Biometric Measuring through Smart Phones and Devices
Many consumers already enjoy wearable smart devices that help track their activity, pulse, temperature, and even blood pressure or blood sugar. Some devices can even contact emergency services in a serious event such as a fall or an alarming drop in biometric readings. These everyday smart devices can be utilized in the healthcare setting to provide quicker service to patients, better data for doctors to understand health trends, and alleviate routine checks. Biometric measuring through everyday handheld devices can ease the load of appointments for doctors and nurses while still monitoring patient conditions and can send and store data as necessary.

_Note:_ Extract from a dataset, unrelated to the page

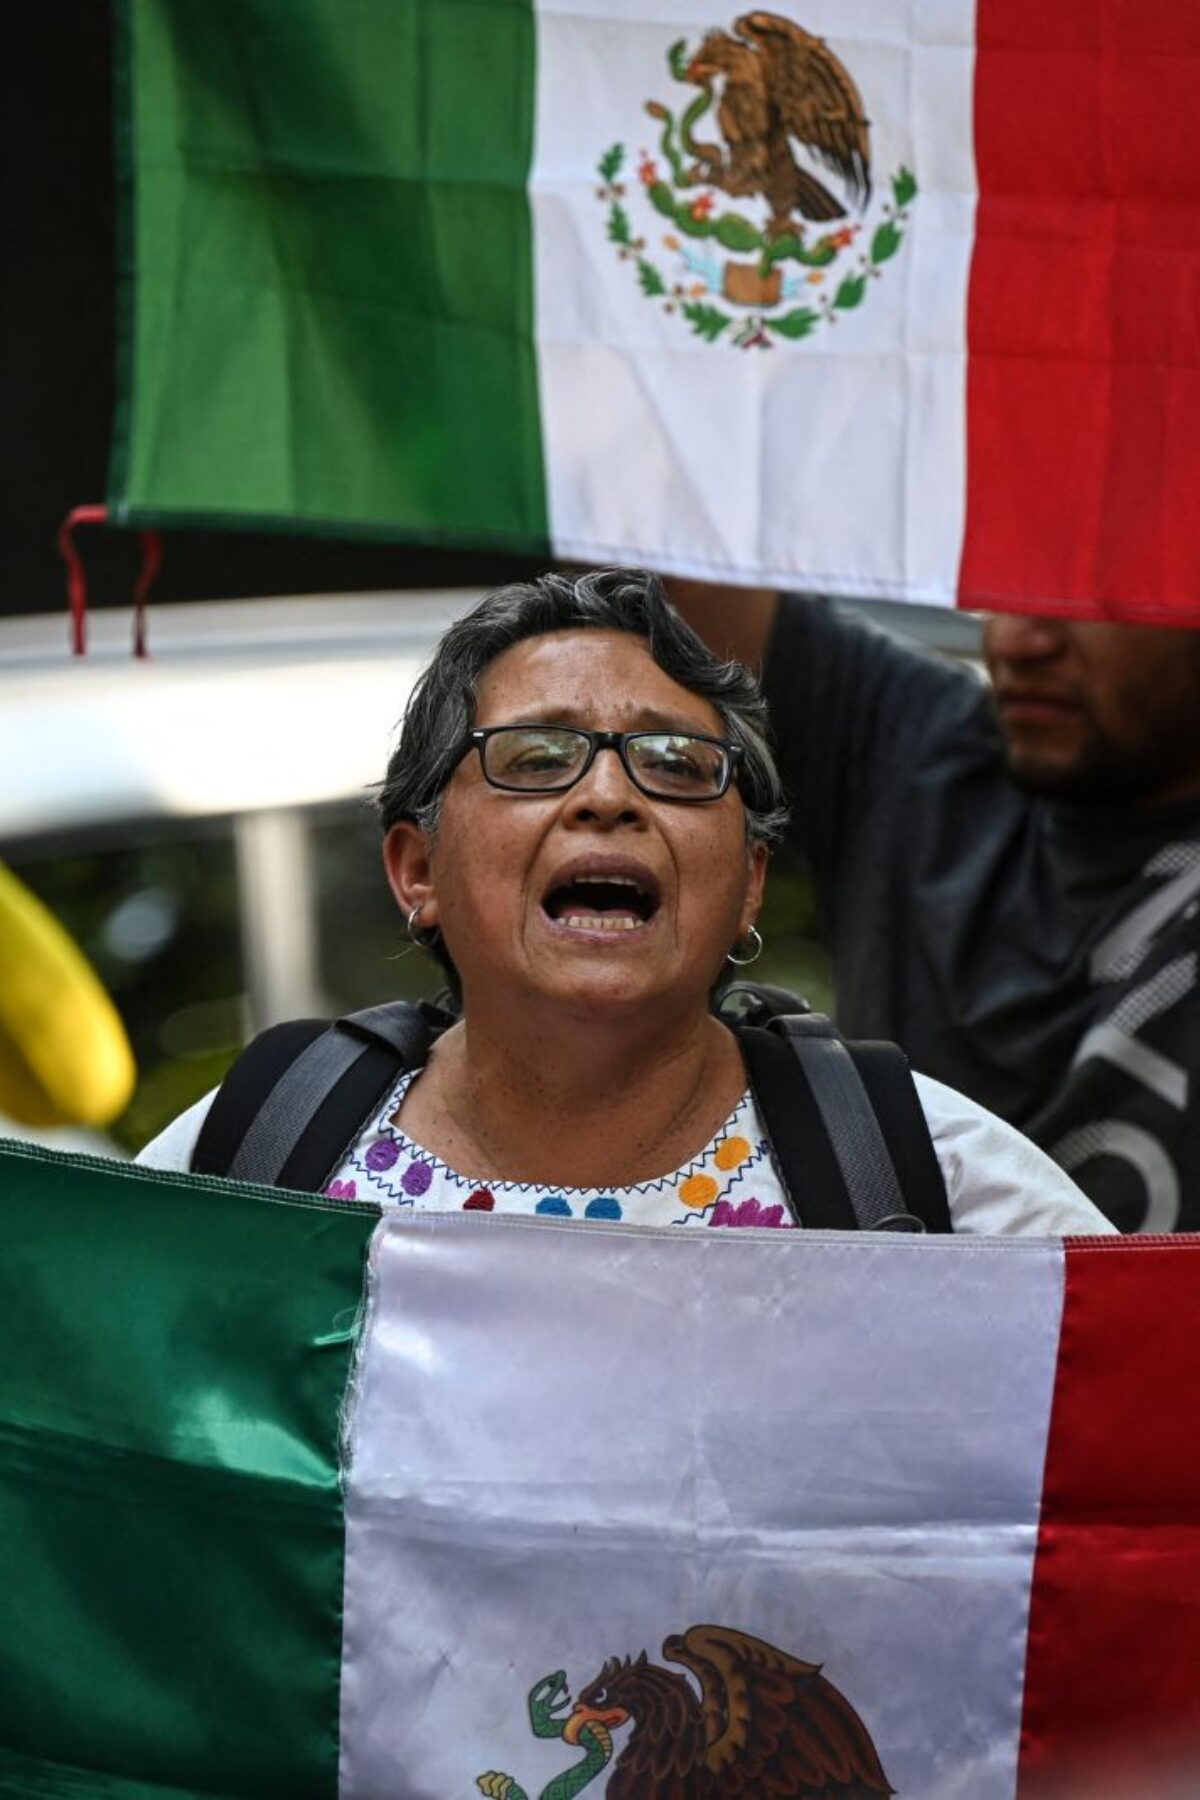 People holding Mexican flags protest outside the Ecuadorian embassy in Mexico City on April 6, 2024, following the severance of diplomatic relations between the Ecuador and Mexico. Ecuadorian authorities stormed the Mexican embassy in Quito on April 5 to arrest former vice president Jorge Glas, who had been granted political asylum there, prompting Mexico to sever diplomatic ties after the

Utilizing Artificial Intelligence
The future of healthcare is coming through artificial intelligence. AI has been used within the healthcare industry for years now, but its utilization is becoming more essential for virus control, assisting with operations, and increasing accuracy of diagnoses. Aside from its operational benefits, AI can help automate administrative tasks and other routine processes such as blood pressure, temperature, and weight checks. This allows patients to self-check-in a lot faster without having to wait for a nurse practitioner. In some facilities, AI is being employed for its deep learning algorithms to assist with diagnoses. By rapidly evaluating CT scans, AI can localize indications of certain diseases and virus infections (including COVID-19) with an accuracy of up to 90%. AI is also being used to detect skin cancer melanomas with 95% accuracy, which not only is preferred by patients to maintain their dignity but is more accurate than a doctor could diagnose with the naked eye. With the use of AI, healthcare facilities are able to manage more appointments, reduce the costs and time of testing and scans, and provide doctors with more time to focus on treatments and patient care.
Although healthcare facilities and clinics are created to handle infection and disease control, this year has shown us that we need to provide more design solutions in order to proactively combat possible future events. Additionally, designs of these spaces need to be flexible to allow for rapidly advancing technologies to be easily integrated. Throughout our “Design: A New Way Forward” series, we have learned that many innovative design ideas were uncovered previously to the pandemic. However, the immediate demands and desires of users, consumers, and patients have evolved – pressing the need for these design ideas to be implemented even sooner. At SGPA, we believe that we can enrich people’s lives through design but now, we understand how it can move us all forward to promote health and wellness.